Print the data below exactly as it stands, and keep the pictures out.

→ **RECORDED INFORMATION**:
*** Block opens ***
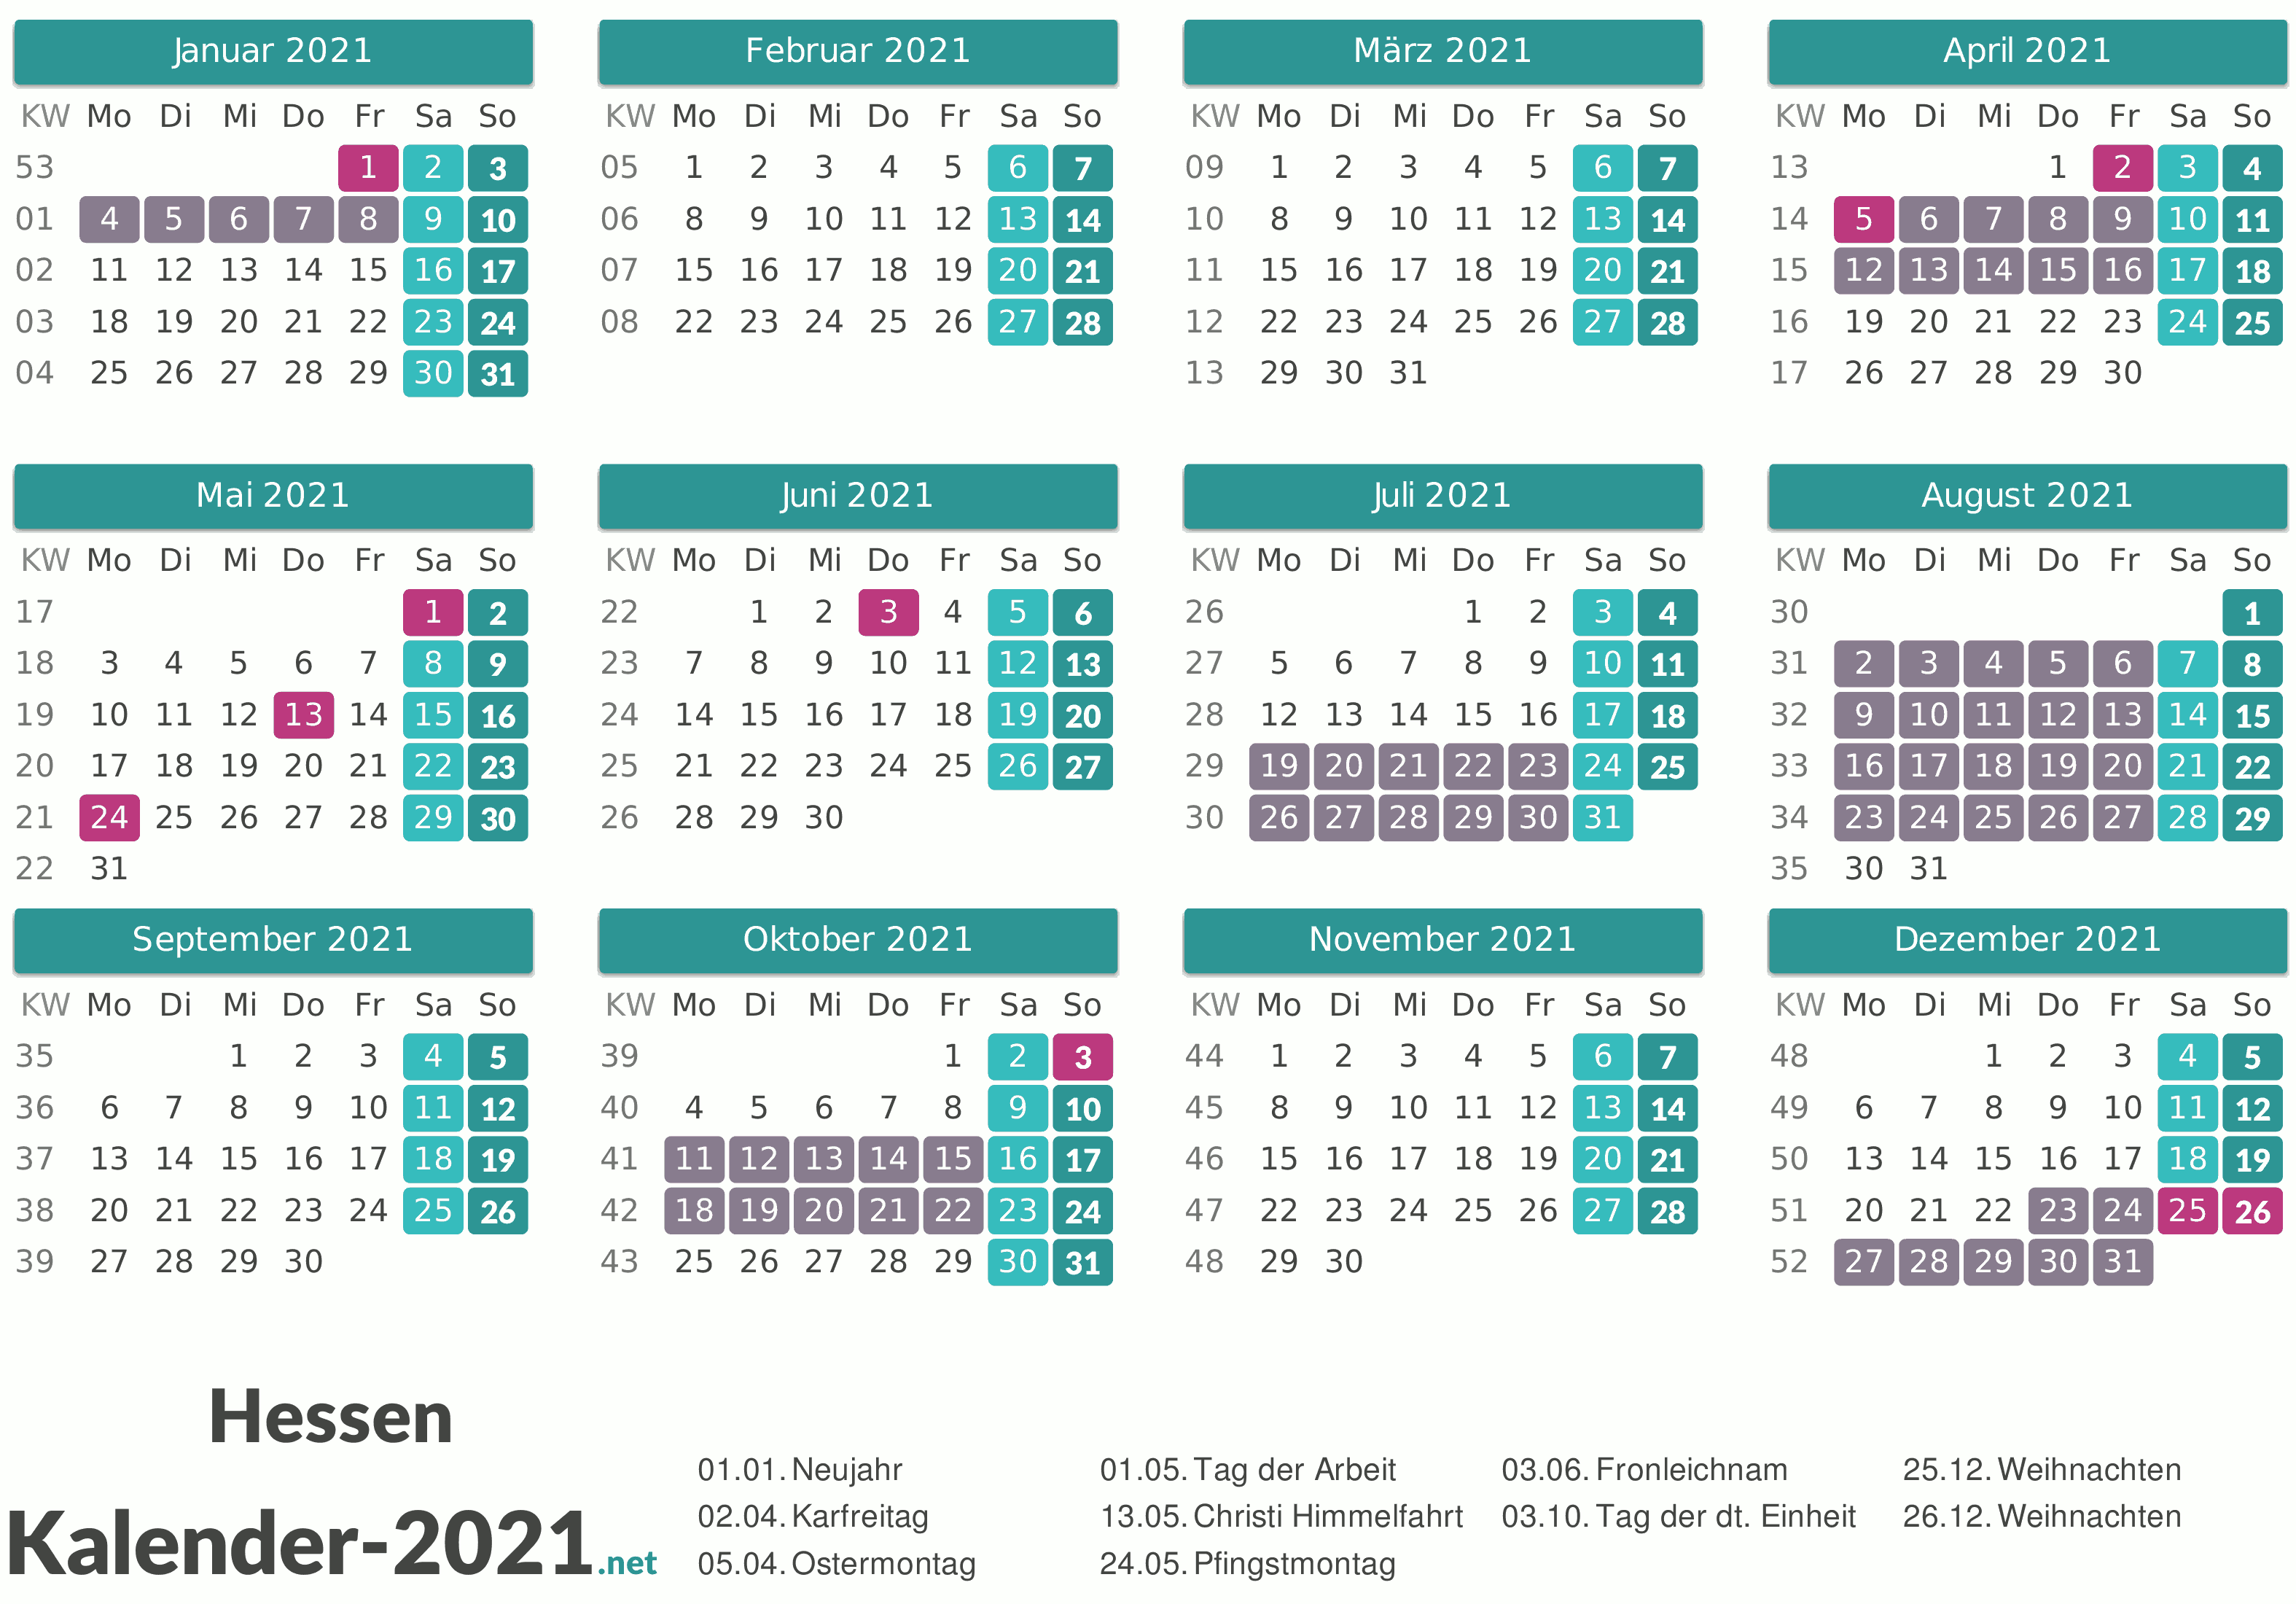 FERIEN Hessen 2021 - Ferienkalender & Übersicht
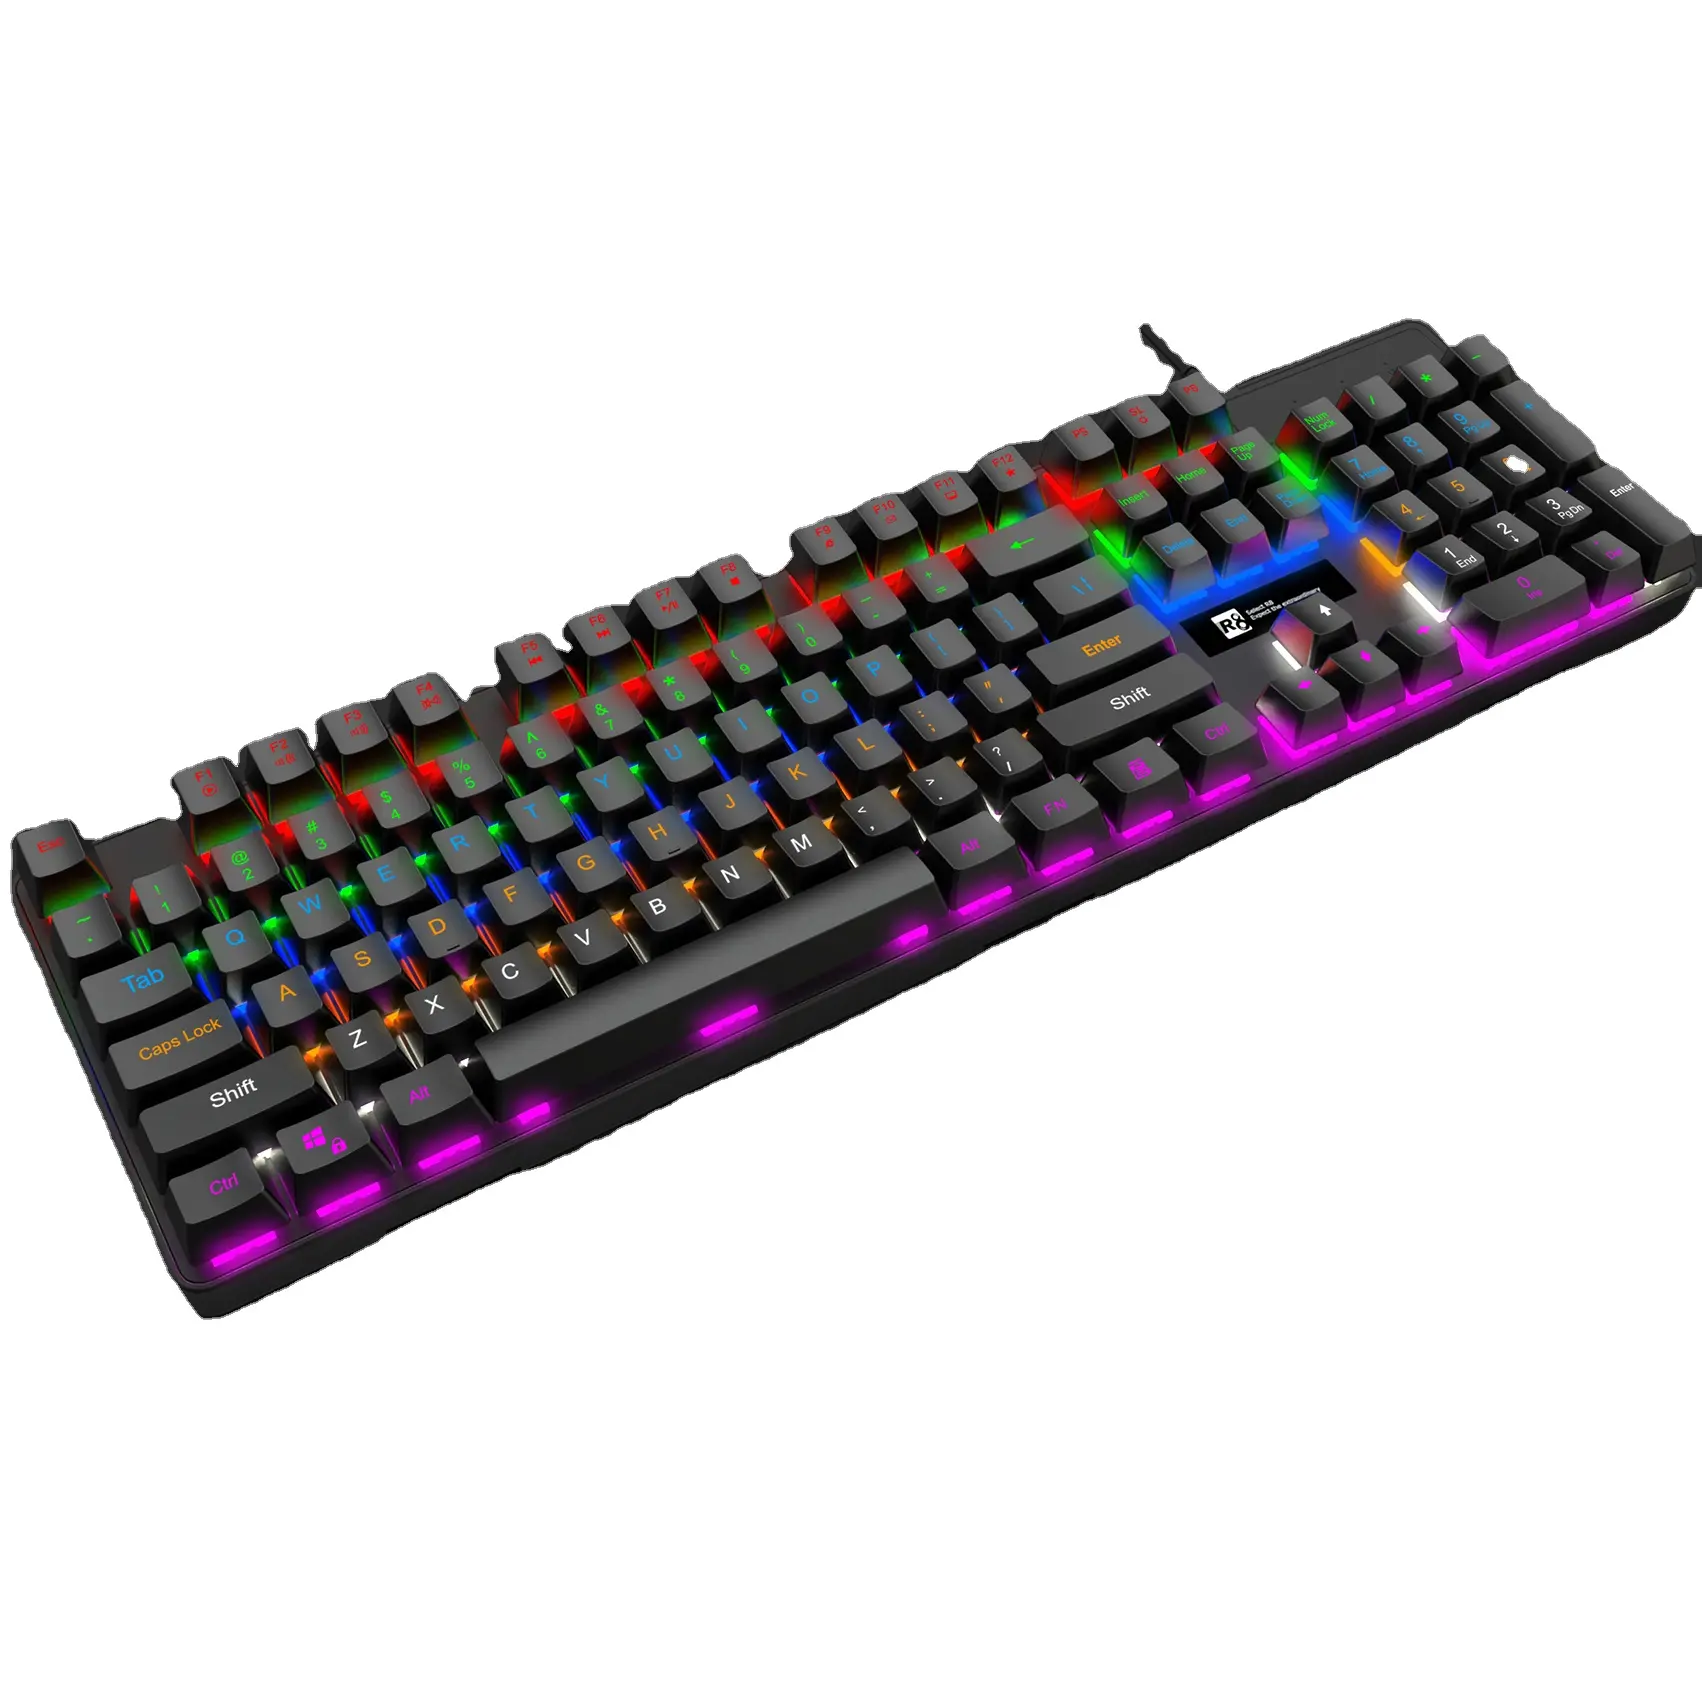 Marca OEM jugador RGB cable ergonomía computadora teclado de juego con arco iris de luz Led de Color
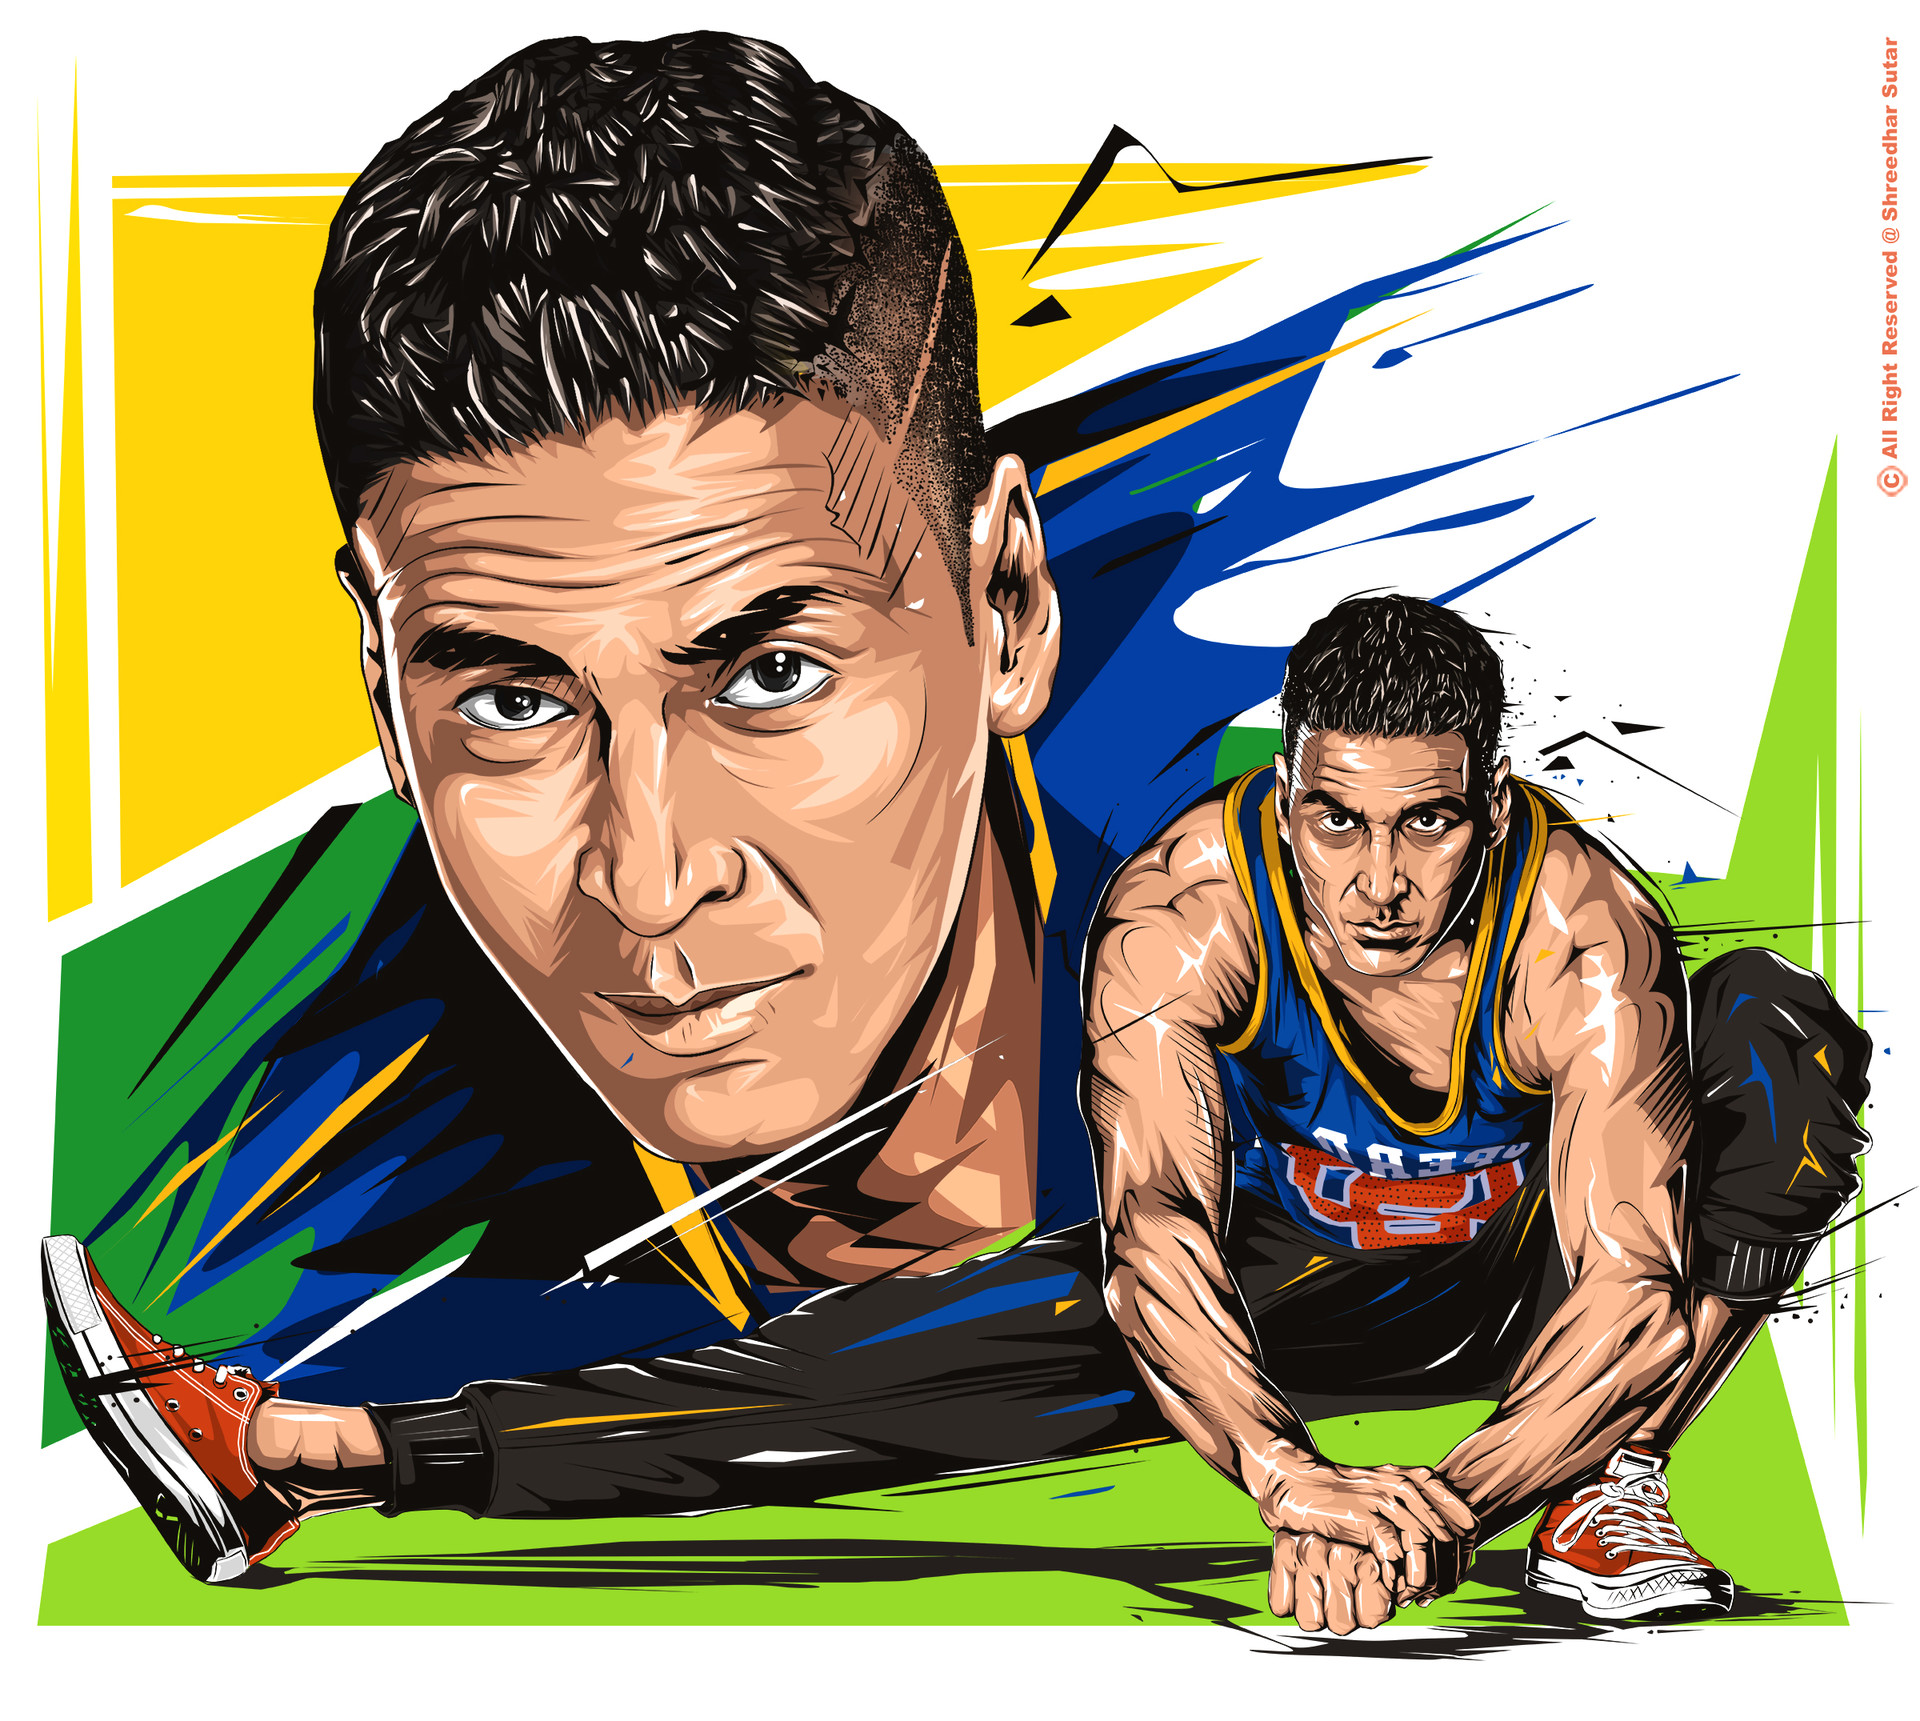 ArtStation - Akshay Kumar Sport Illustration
*** Block closes ***
→ **RESPONSE TO THE TASK**:
 FERIEN Hessen 2021 - Ferienkalender & Übersicht
 Marca OEM jugador RGB cable ergonomía computadora teclado de juego con arco iris de luz Led de Color
 ArtStation - Akshay Kumar Sport Illustration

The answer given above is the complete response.